Work instruction – Return all the lines below exactly as written. Drop every picture.

Supplied data –
----
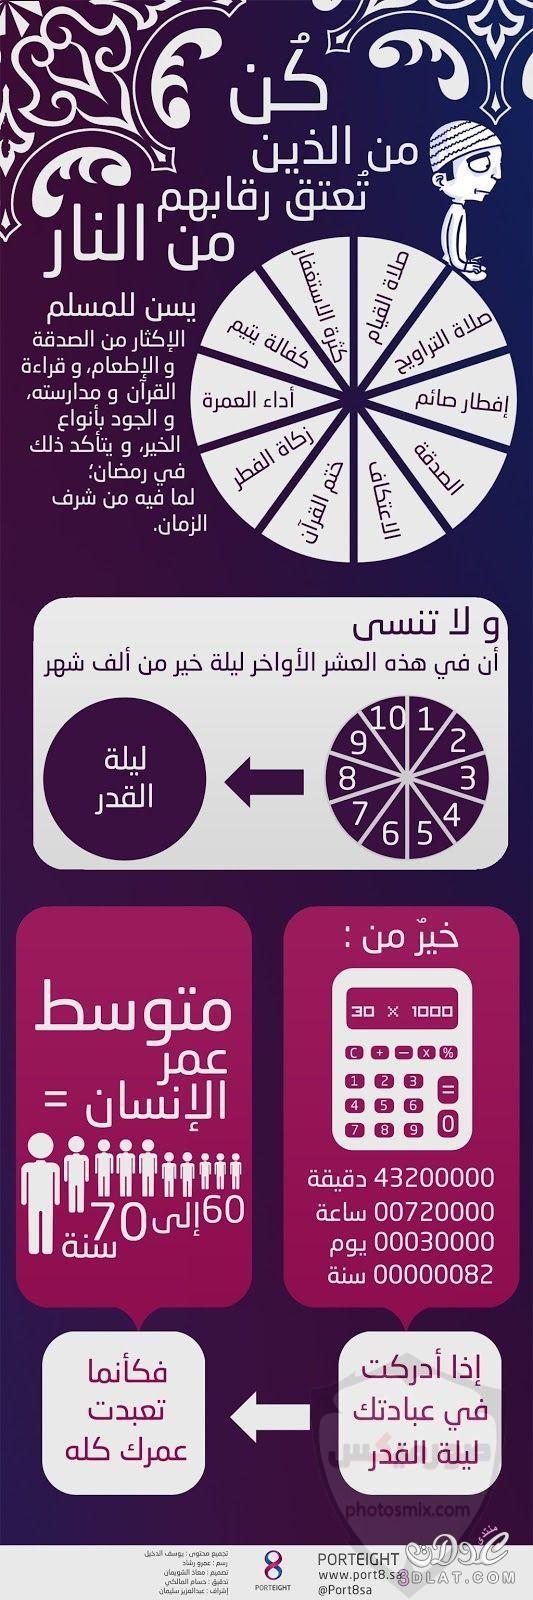 دعاء رمضان 2020 الادعية الرمضان فى 2020 5
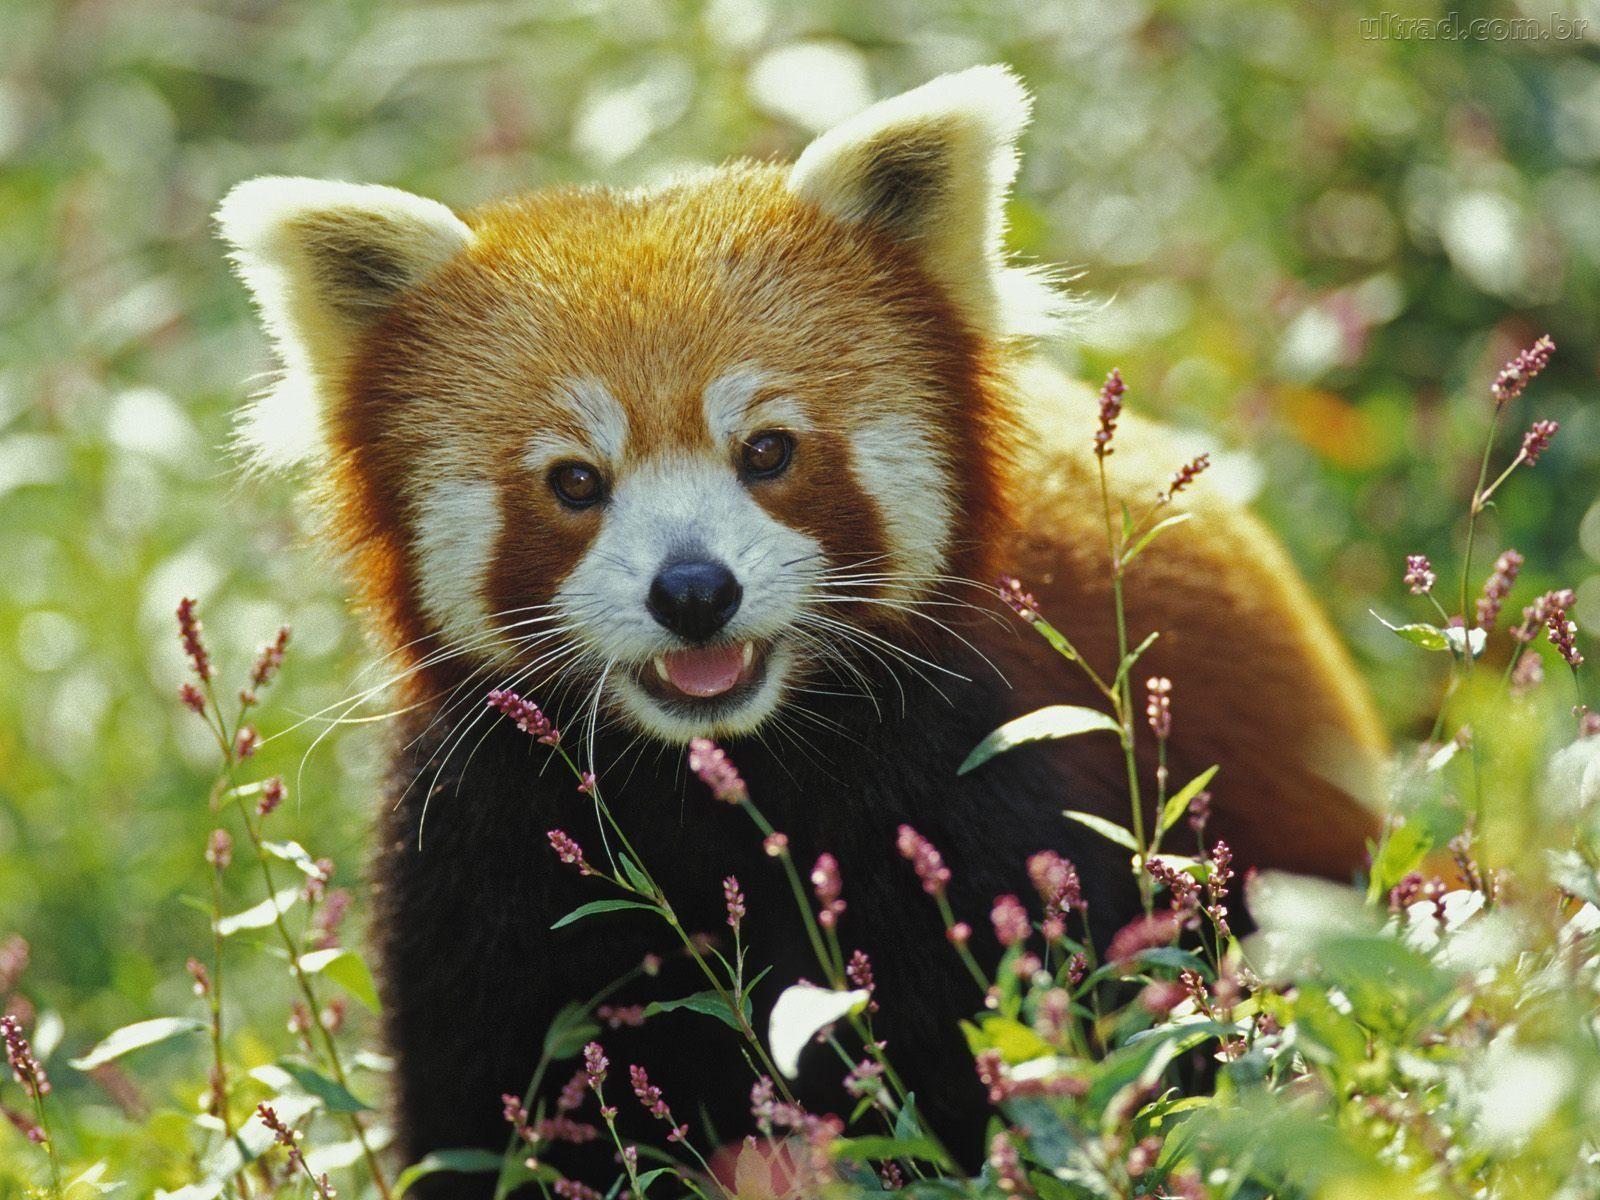 Papel De Parede Panda Vermelho Red Panda Cute Red Panda Bear Stuffed Animal Wallpaper red panda trunk tree nature
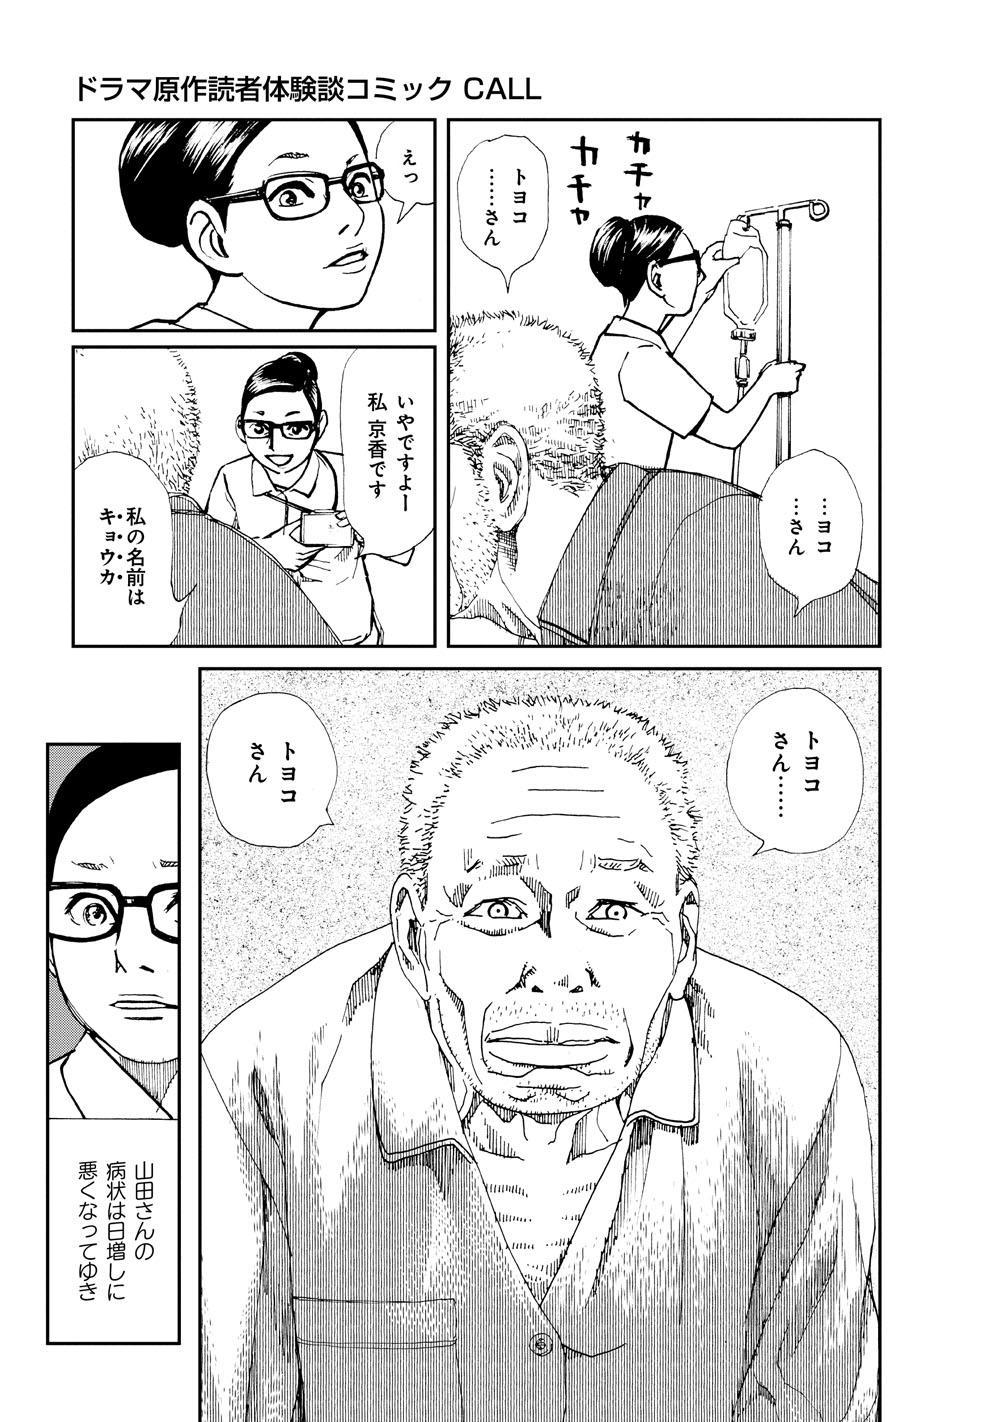 テレビ版_ほん怖_241.jpg
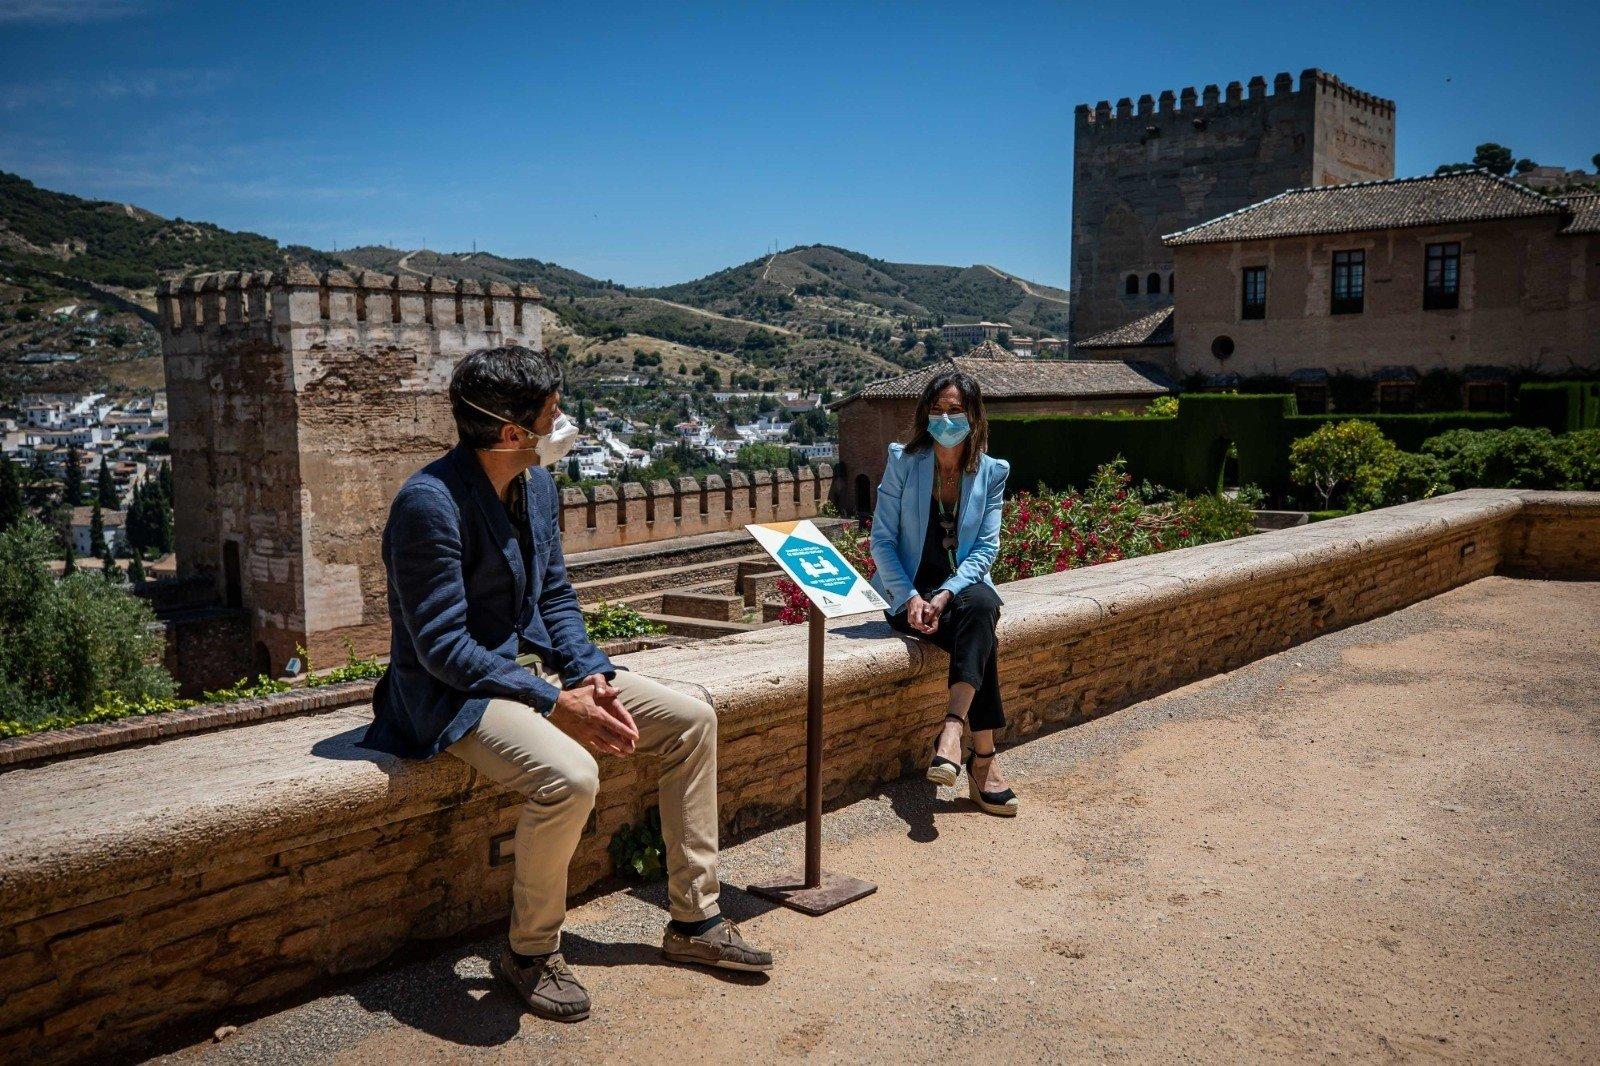 La Alhambra ha realizado una veintena de actuaciones durante la pandemia
----
Response area –
 دعاء رمضان 2020 الادعية الرمضان فى 2020 5
 Papel De Parede Panda Vermelho Red Panda Cute Red Panda Bear Stuffed Animal Wallpaper red panda trunk tree nature
 テレビ版_ほん怖_241.jpg
 La Alhambra ha realizado una veintena de actuaciones durante la pandemia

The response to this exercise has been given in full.